Through the Viewfinder With Elizabeth Hatsfeldt Hollenbeck’s Hollenbeck Home for the Aged, ca. 1900, Part One

by Paul R. Spitzzeri

During this Women’s History Month, we take this opportunity to offer a “Through the Viewfinder” post, featuring a historic photograph from the Homestead’s collection, and link it to a notable woman of greater Los Angeles in the late 19th and early 20th centuries with an image by Frederick E. Munsey of the Hollenbeck Home for the Aged in Boyle Heights, an institution founded by Elizabeth Hatsfeldt Hollenbeck (1827-1918).

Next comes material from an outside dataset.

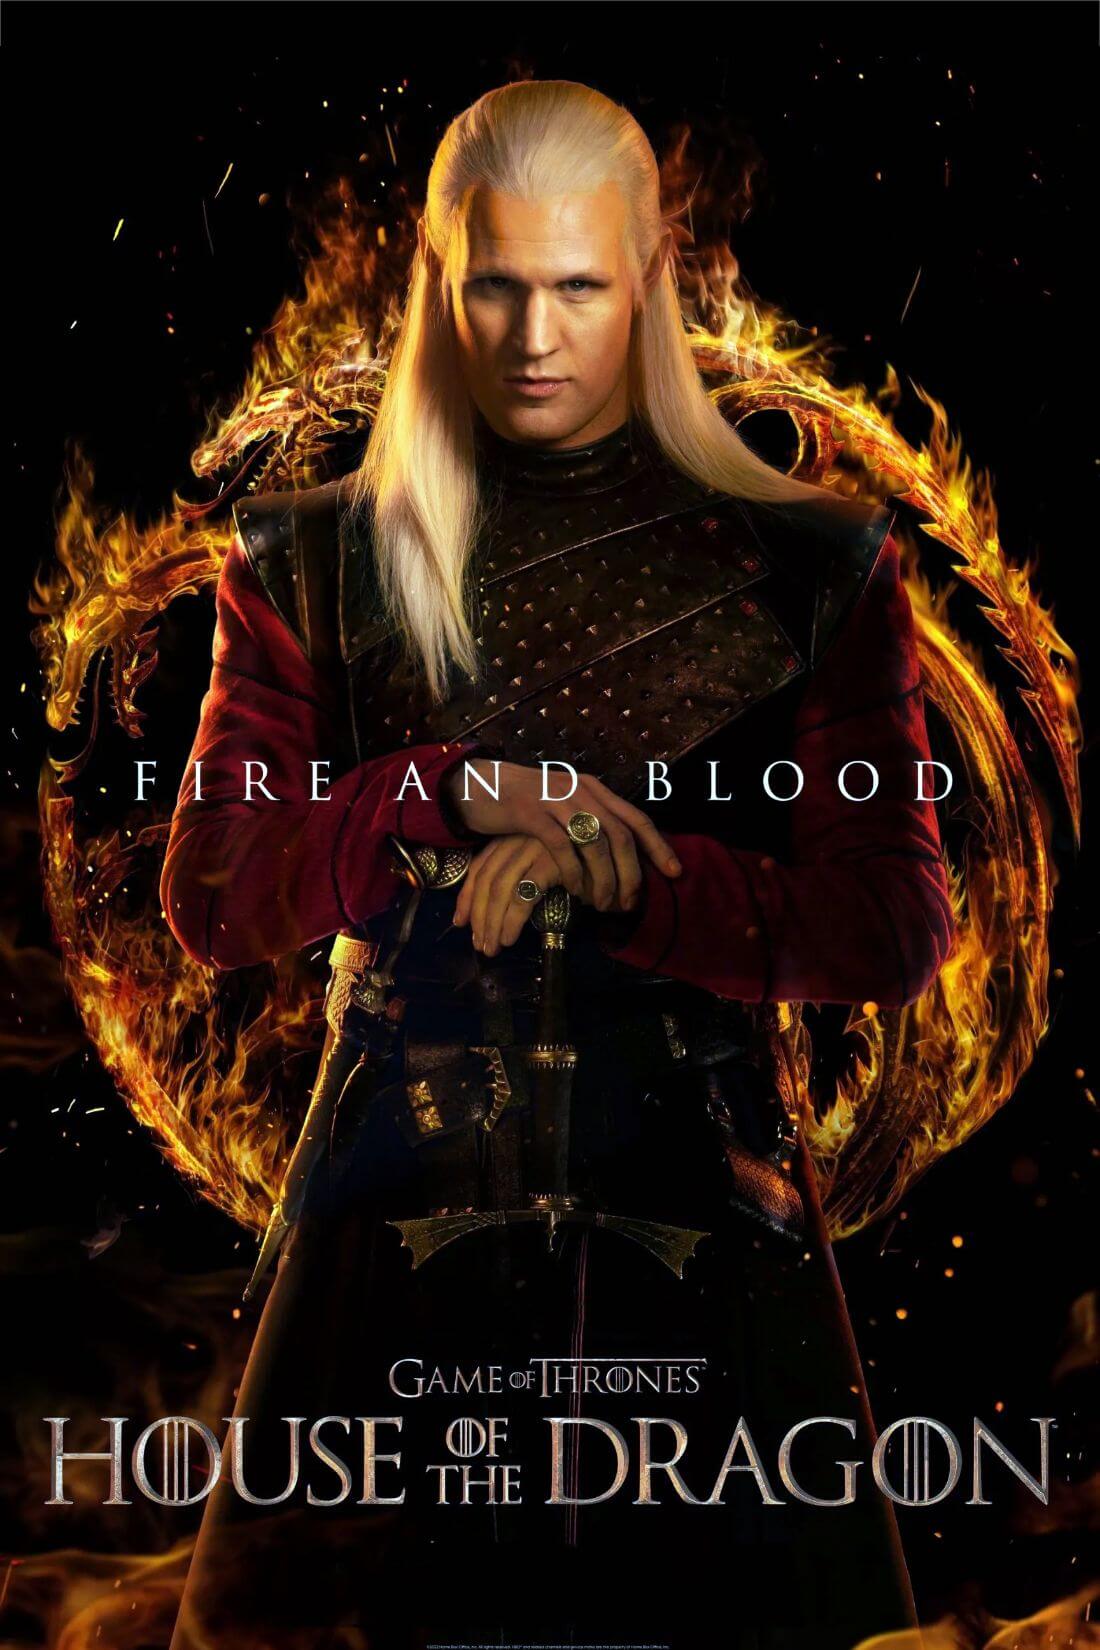 Game of Thrones Fire & Blood Targaryen Logo Giclee

She was born in Mainz, a city in west-central Germany, which was not unified until 1870, so it was part of the Grand Duchy of Hesse established in 1815 after the defeat of Napoleon—Mainz having been part of Napoleonic France since 1797. When she was eight years old, Elizabeth migrated with her parents to America and the family settled in New Orleans. In 1852, for reasons that are not clear, she migrated to Nicaragua.

John and Elizabeth Hatsfeldt Hollenbeck, posted by Dennis Hollenbeck to Find-A-Grave.

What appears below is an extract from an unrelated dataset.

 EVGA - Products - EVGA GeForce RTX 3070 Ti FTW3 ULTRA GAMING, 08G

There, she found employment at Greytown, now San Juan de Nicaragua, in the Nicaragua, then American, Hotel, owned by John E. Hollenbeck (1829-1885), a native of Ohio who was raised in Illinois and who was on his way to Gold Rush California, when a series of misfortunes, including a battle with high fever, struck when he got to the Central American nation and was readying to catch a steamer up the Pacific. The couple married in 1854 and had a son, John, Jr., who was sent to Illinois to live with his father’s parents because it was thought that the climate in Nicaragua would be hazardous to the child’s health. He died, however, in summer 1857, during which time the filibustering of William Walker in Nicaragua led to the destruction of the family’s hotel.

The devastated parents, who were on their way to Illinois after their property losses only to learn in New York of their son’s death and who had no other children, rebuilt their lives in the Central American country, starting with a store and river steamer. In 1860, the Hollenbecks, keeping their businesses in Nicaragua, settled in Missouri, but, with the outbreak of the Civil War, financial problems arose and the couple went back to Greytown. John acted as an agent for British mining and shipping interests and, over about a decade, amassed a substantial estate.

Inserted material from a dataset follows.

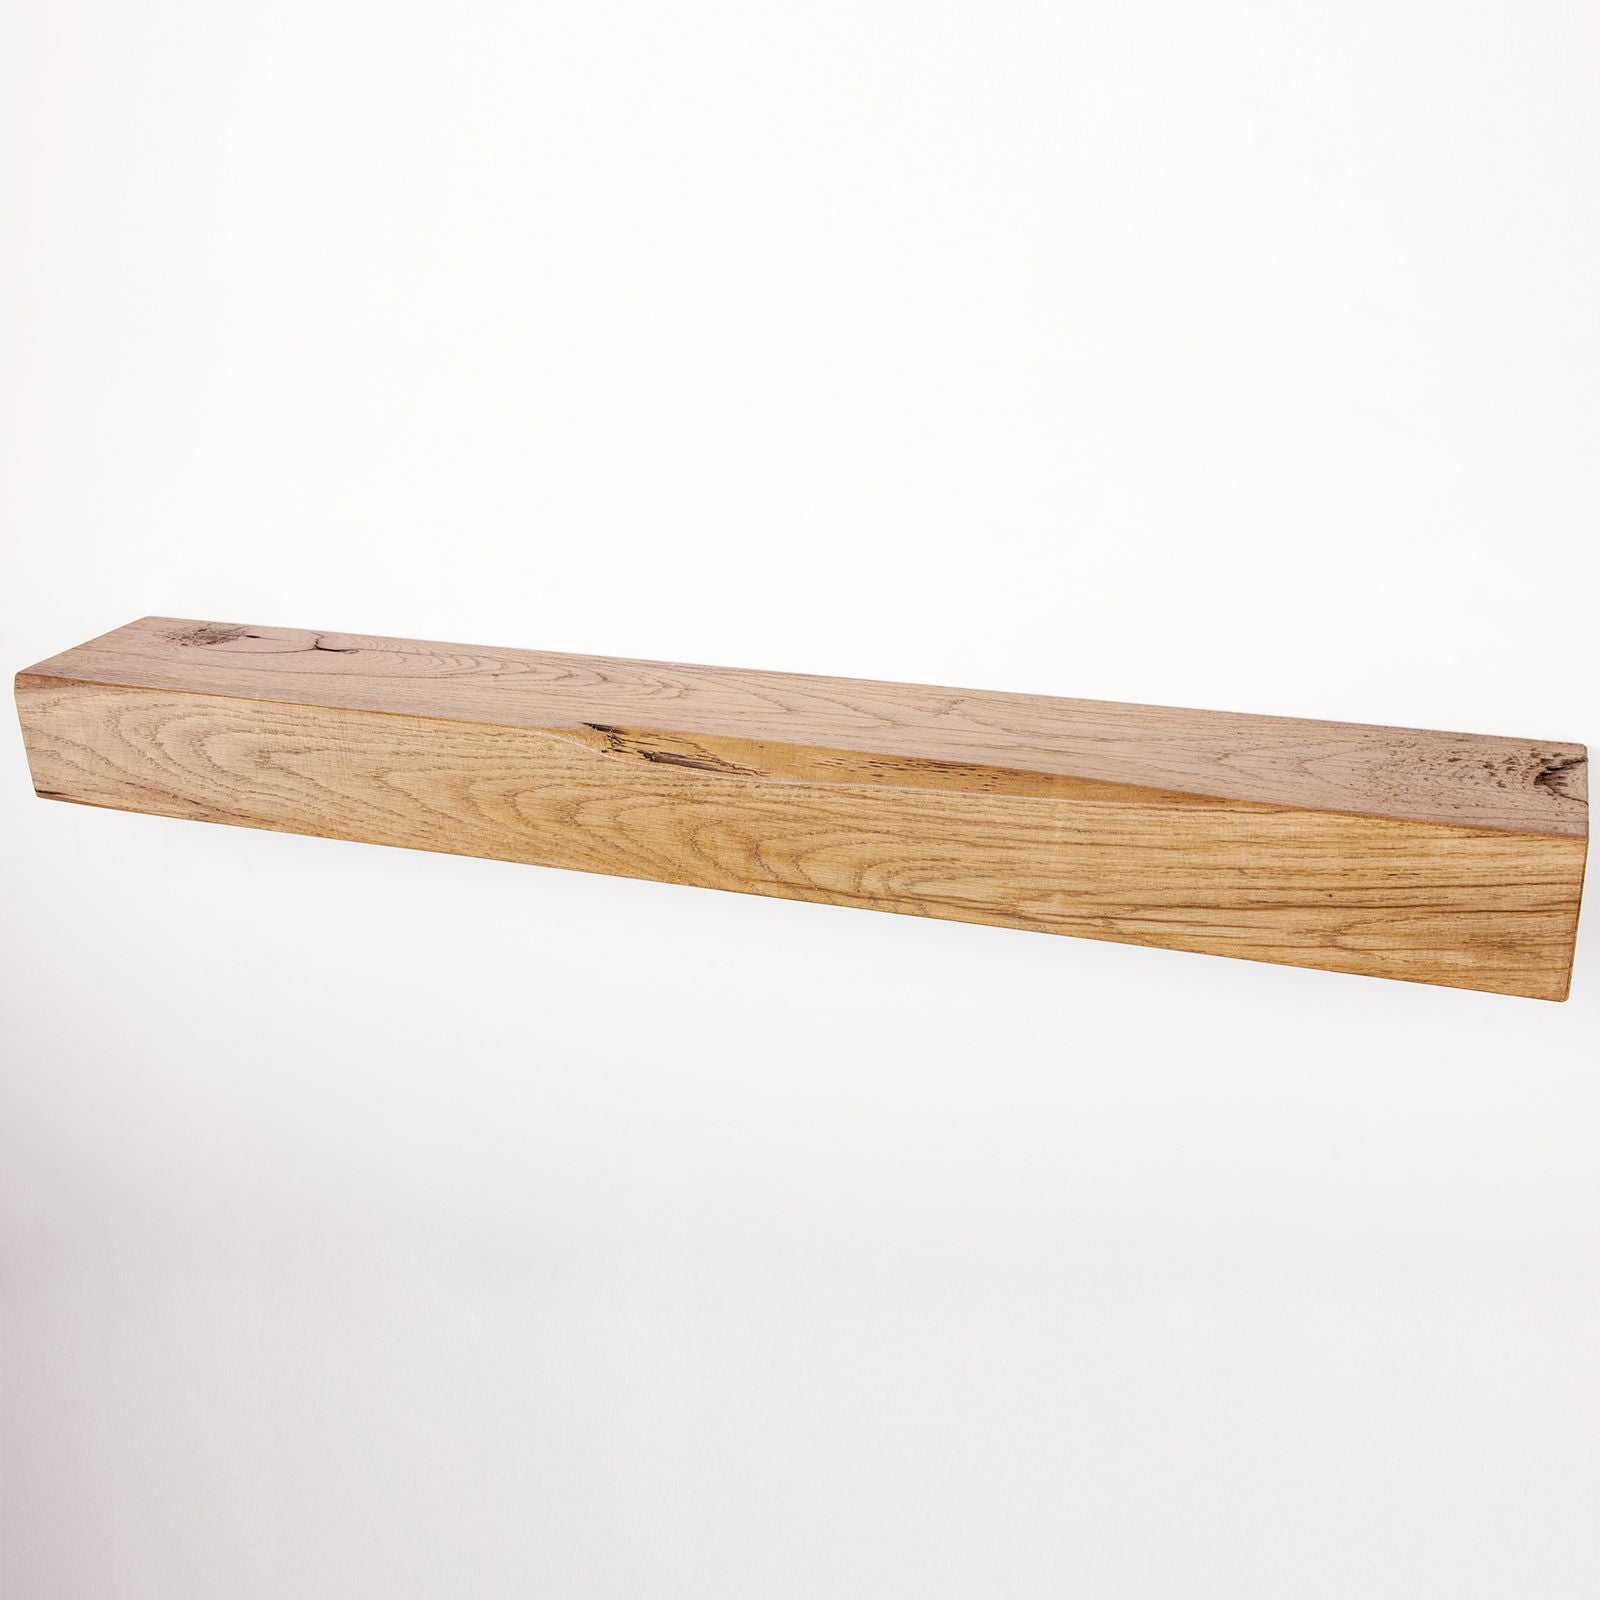 6x4 Oak Floating Shelf (14x9cm)

The listing of John Hollenbeck’s $20,000 deposit in the Temple and Workman bank from the institution’s inventory, Los Angeles Express, 3 February 1876.

In summer 1874, the Hollenbecks visited Los Angeles, then in the midst of its first boom period, though small by later ones, and John acquired substantial property, including 550 acres south of town for $14,000 and small plots around the city. He deposited $20,000 in the Temple and Workman bank and he and Elizabeth returned to Nicaragua to close their business affairs and then returned to the Angel City to find that the boom went bust and his cash in the bank dissipated after the institution’s collapse early in 1876—other than the City of Los Angeles, he was the largest cash depositor.

Hollenbeck, who was assigned a claim on a mortgage of the Temple Block in the aftermath of the bank’s failure, succeeded Temple as treasurer of the Spring and Sixth Street Railway, the first streetcar line in town and of which he purchased half its stock, and among his other purchases of property was in the newly established community of Boyle Heights, established in April 1875 by William H. Workman, nephew of Homestead founder and Temple and Workman bank co-owner William Workman, along with banker Isaias W. Hellman and John Lazzarovich.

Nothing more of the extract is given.